#### DATA:
::::::

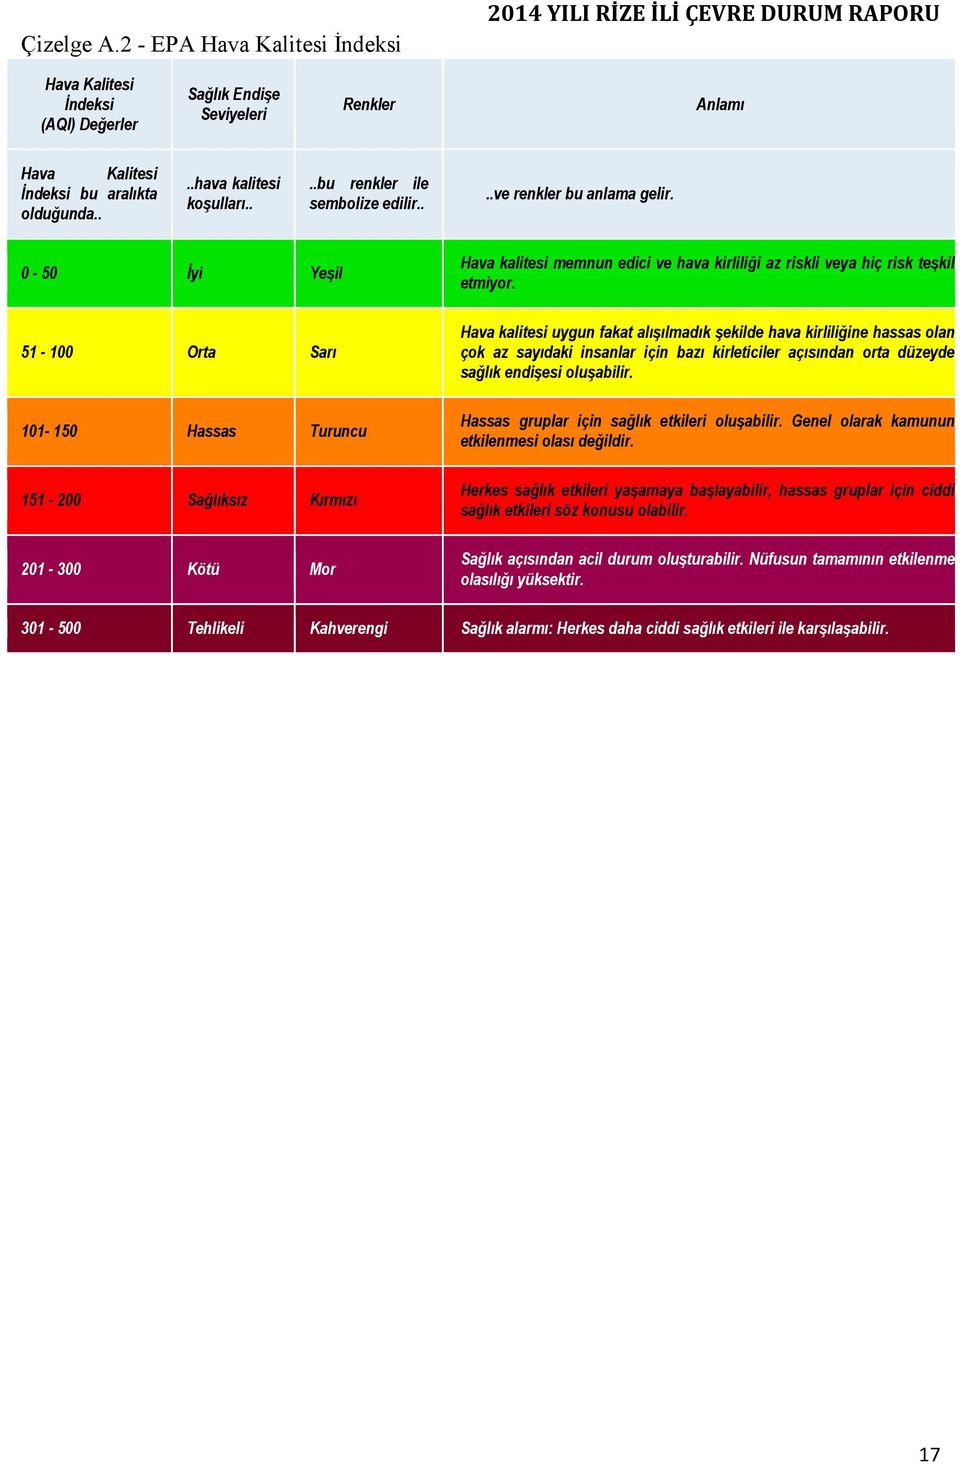 0-50 Đyi Yeşil 51-100 Orta Sarı 101-150 Hassas Turuncu 151-200 Sağlıksız Kırmızı 201-300 Kötü Mor Hava kalitesi memnun edici ve hava kirliliği az riskli veya hiç risk teşkil etmiyor.
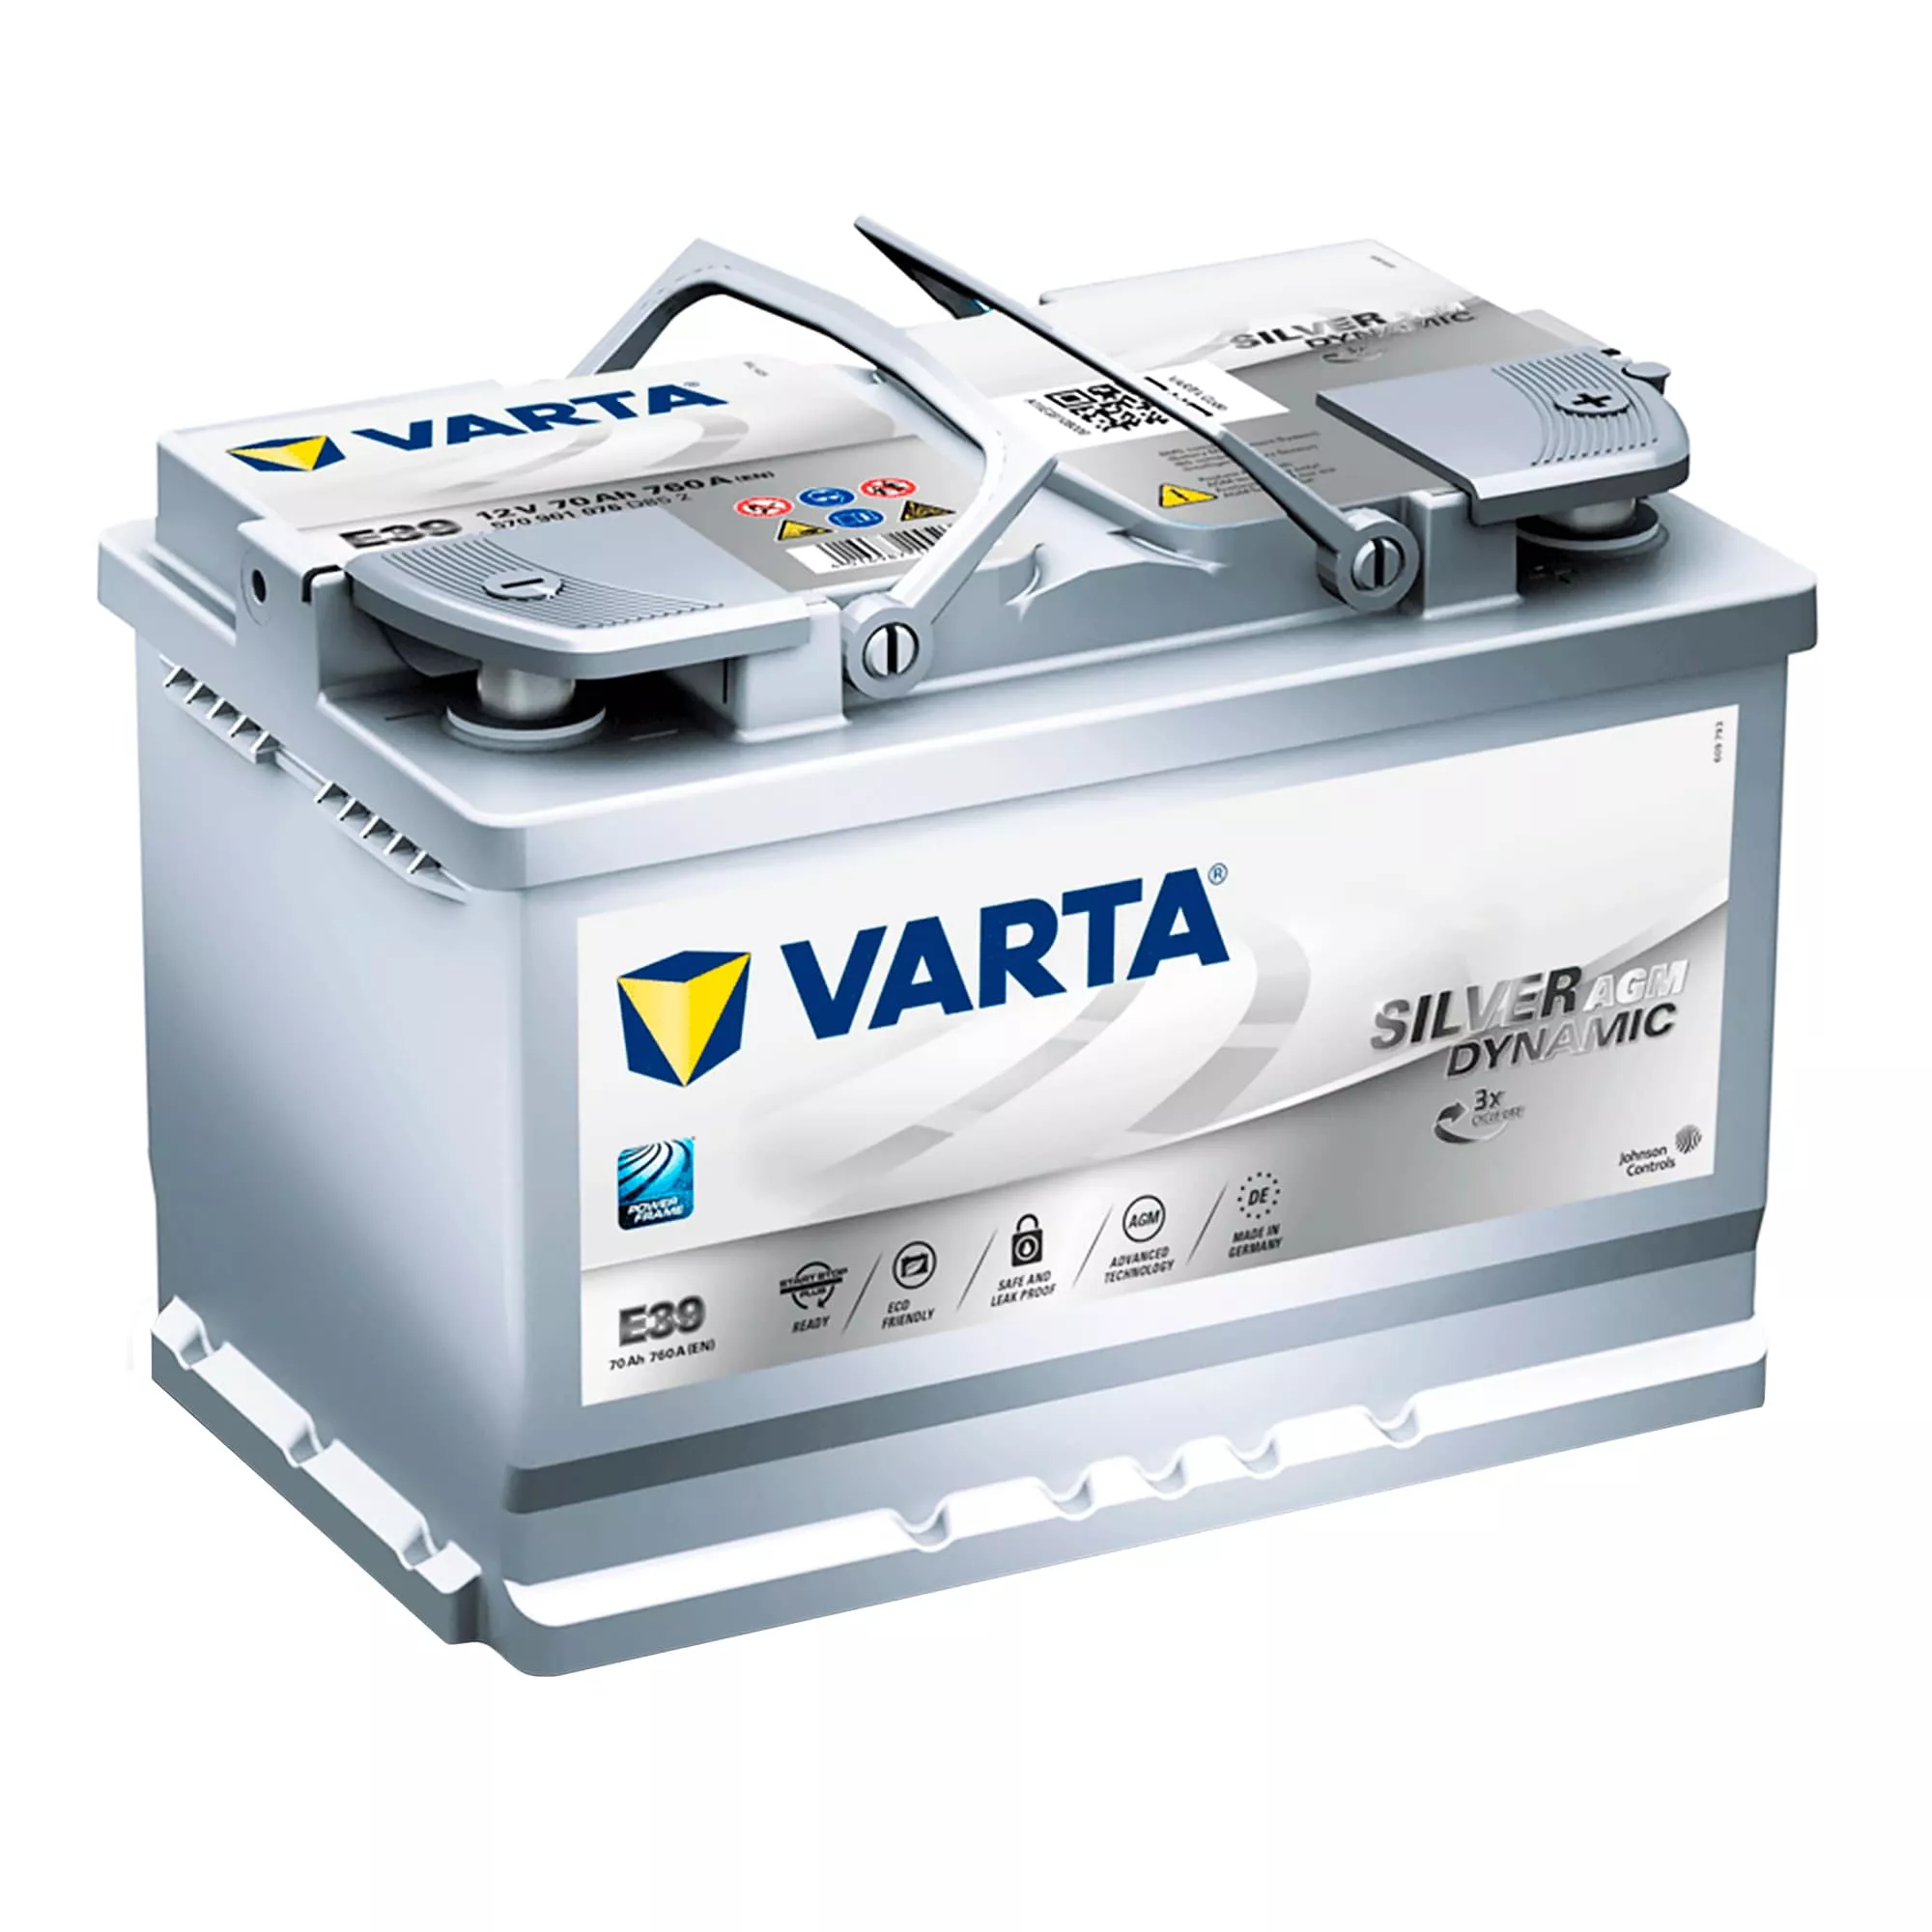 Автомобильные аккумуляторы Varta и Bosch (расшифровка кодов)
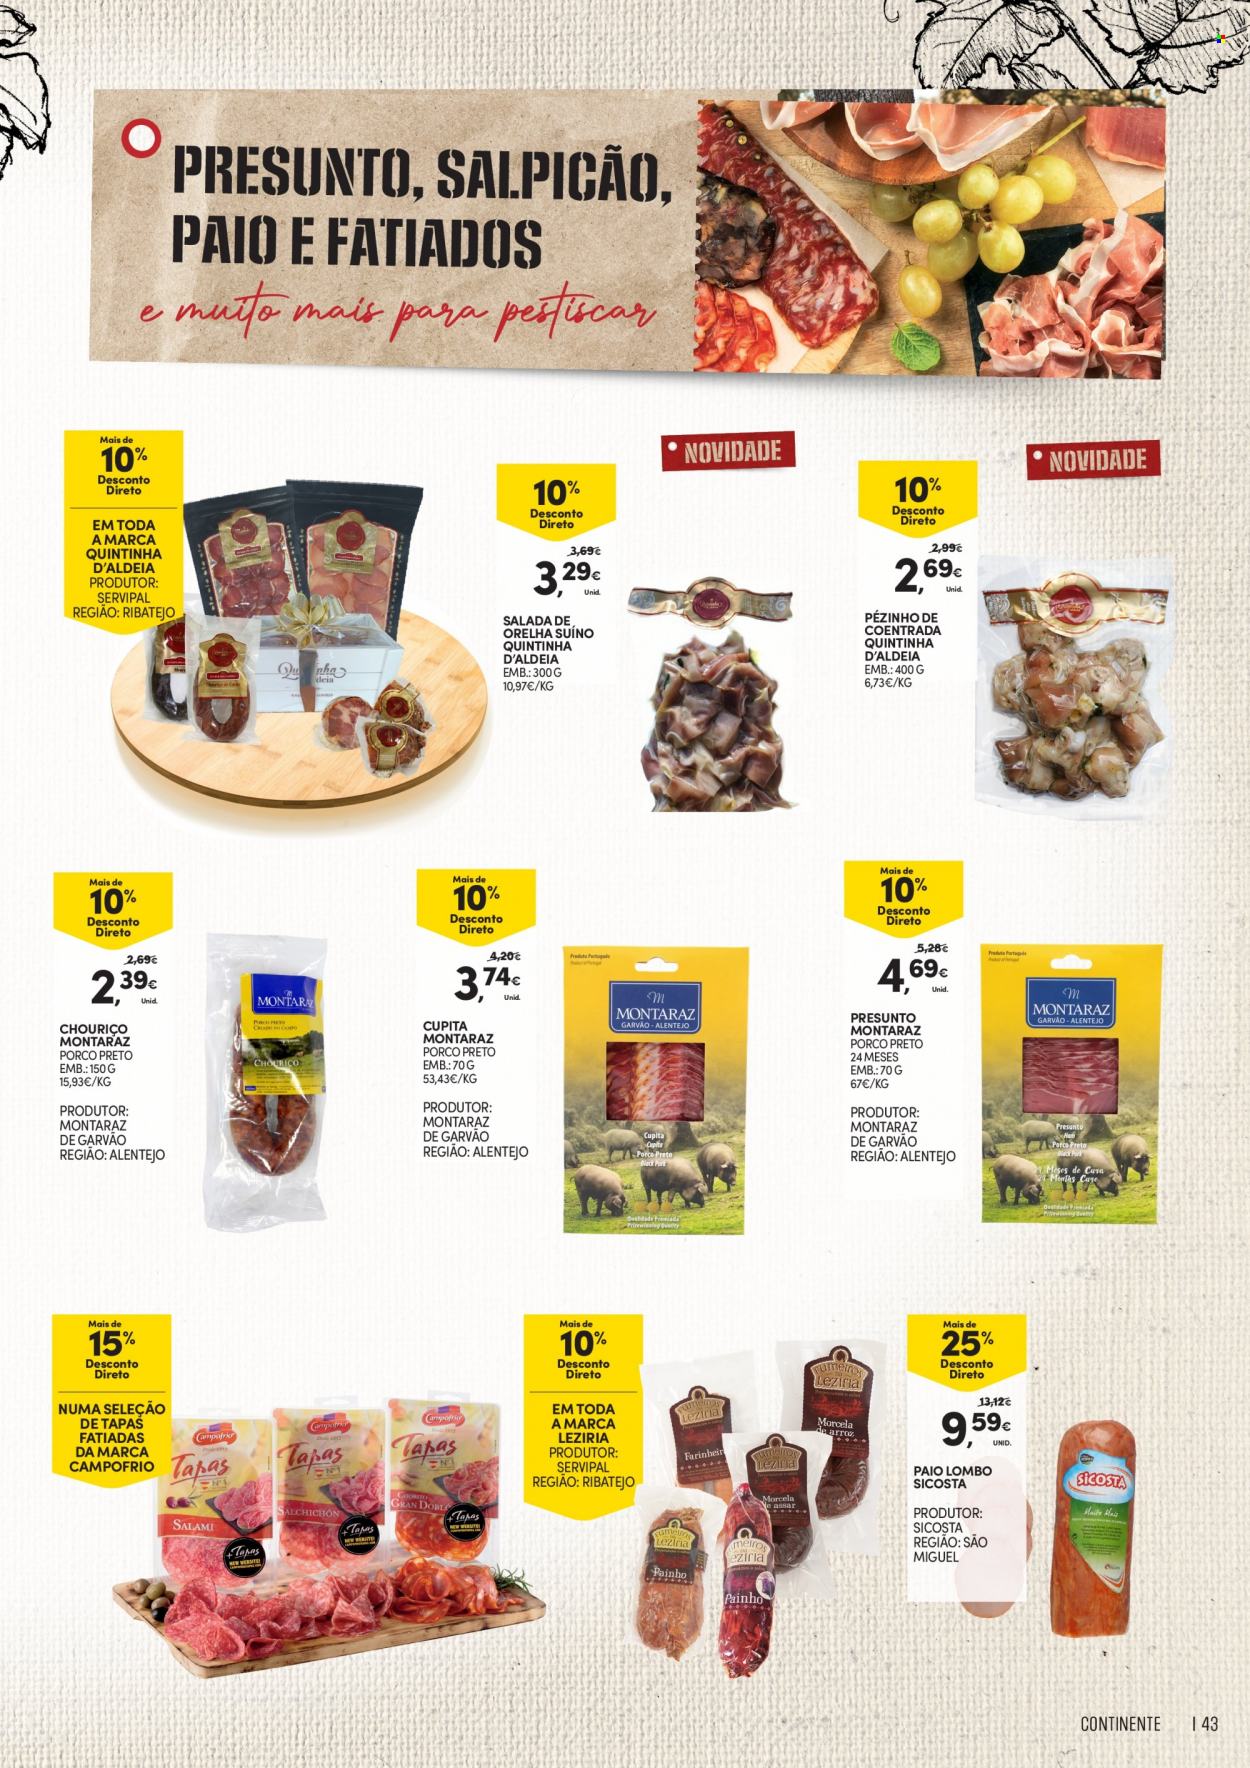 thumbnail - Folheto Continente Modelo - 21.9.2021 - 18.10.2021 - Produtos em promoção - salada, lombo, presunto, chouriço, tapas. Página 43.

::::::

#### EXERCISE DIRECTIONS:
Print all the material above exactly, and drop the images.

#### WRITTEN REPLY:
 0-50 Đyi Yeşil 51-100 Orta Sarı 101-150 Hassas Turuncu 151-200 Sağlıksız Kırmızı 201-300 Kötü Mor Hava kalitesi memnun edici ve hava kirliliği az riskli veya hiç risk teşkil etmiyor.
 Автомобильные аккумуляторы Varta и Bosch (расшифровка кодов)
 thumbnail - Folheto Continente Modelo - 21.9.2021 - 18.10.2021 - Produtos em promoção - salada, lombo, presunto, chouriço, tapas. Página 43.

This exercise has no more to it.